Playing it by Ear - My Unplanned Military Career

Charles Ray

In East Texas in 1962 there weren't too many economic opportunities for black high school graduates who couldn't afford college; at least, none that interested me. Knowing that I was only two or three years away from being drafted anyway, I decided to enlist. That way I could chose my training and assignment, things I might not be able to do if I waited for the draft, and I'd earn GI Bill credits during my three year enlistment. As you can probably tell from the foregoing statements, I had no intention of making the military a career.

I enlisted in the U.S. Army in July 1962, and after basic training was sent from Louisiana to New Jersey to train as a Morse code operator, and then went from there to a unit in Germany where I did just about everything but operate a radio. After two years of playing basketball, coaching baseball, and working in the post library, I was informed by my battalion operations officer; a close friend of my older brother who was a major in the army at the time; that my test scores were high enough to qualify me for Officer Candidate School (OCS), and he and my brother had decided that I would apply. Actually, they had submitted the application on my behalf. I went through the assessment procedure, sure that my smart mouth would keep me out, but was shocked a month later when my first sergeant told me to pack a bag because I was being reassigned to Fort Sill, Oklahoma to be trained to become a second lieutenant in the field artillery.

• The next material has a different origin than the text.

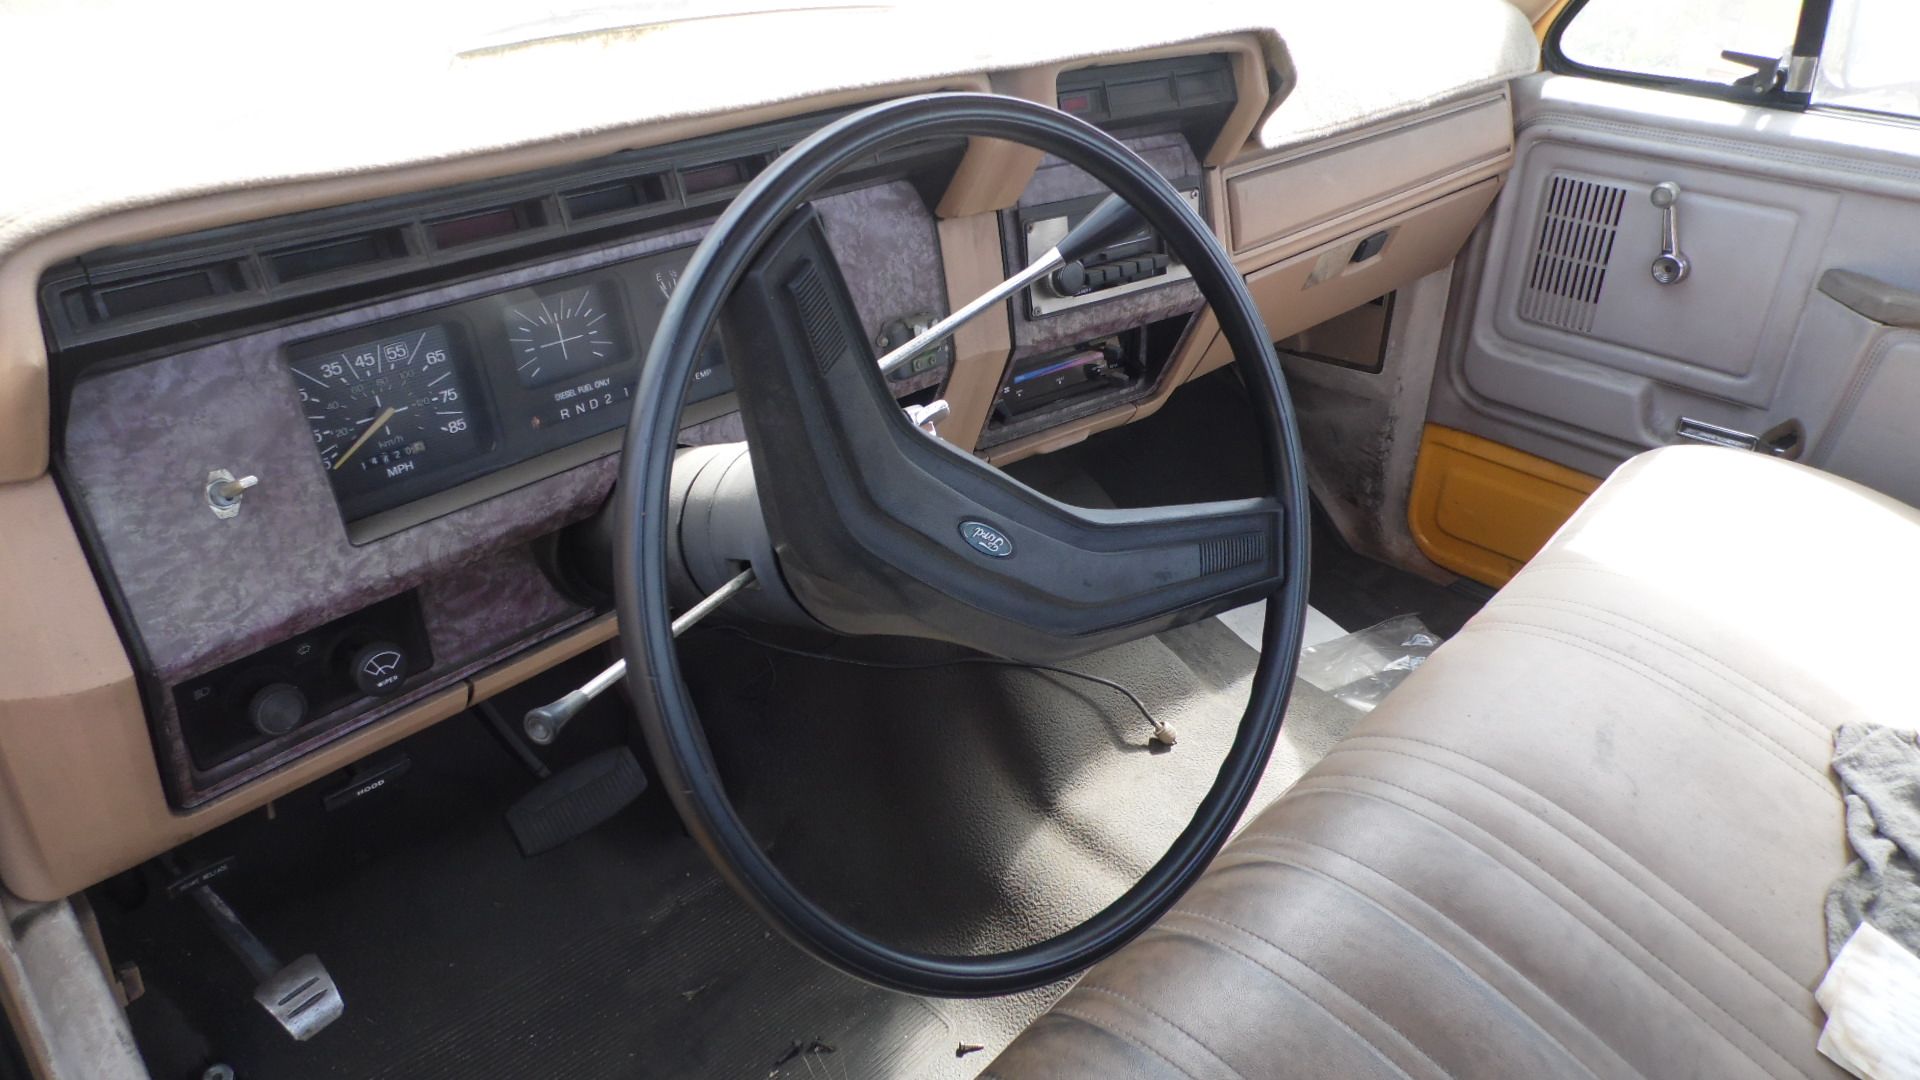 1985 FORD PICK-UP TRUCK (MILEAGE 44,620) (GALE LOCATION) **STARTS UP WITH KEY** - Image 3 of 3

Six months of OCS training and commissioning, training as a reconnaissance and survey officer, airborne school, and I found myself back in Germany, where again, I did everything but what I'd been trained to do. After a year, I was assigned to the Infantry School at Fort Benning, Georgia as the executive officer of an infantry OCS company, pumping out infantry platoon leaders to fill the growing demand of the Vietnam War. I got tired of that after six months, so I applied for Special Forces training; passed the test and was shipped off to Fort Bragg, North Carolina, where I spent the next two years learning all the facets of unconventional warfare, psychological operations, civil affairs, jungle survival, and a smattering of the Vietnamese language.

In the summer of 1968, I arrived in Vietnam and spent a year in a strategic recon outfit. By then, the army realized that I was an artillery captain who knew absolutely nothing about artillery, so they moved me into military intelligence. I came back to the U.S. for training and did a sort tour as an operations officer with the old US Army Intelligence Command that was headquartered in Baltimore. I did that for about a year and then went off for more intelligence training, a year at college to get my undergraduate degree, and then back to Vietnam where for a year I ran intelligence collection operations for the Military Assistance Command (MACV).

My second tour ended concurrent with the cease fire, and in 1973, I was sent to Seoul, Korea to command the 24th Psychological Operations (PSYOP) Detachment, one of the last Vietnam-era PSYOP units to serve on active duty. When that unit was finally inactivated, I served for a couple of years as a logistics installation commander. In 1977, I found myself back at Fort Bragg, where I worked as an intelligence officer until senior officers discovered that I could write, draw, and took a fairly decent photograph. I was then drafted to serve as the assistant public affairs officer of the 18th Airborne Corps, a job I held until I was sent back to Korea in 1979 to be the unconventional warfare plans officer for the recently established Combined Forces Command. In that job I got a chance to work closely with the South Korean Special Forces units who were responsible for protection of the country from North Korean infiltration.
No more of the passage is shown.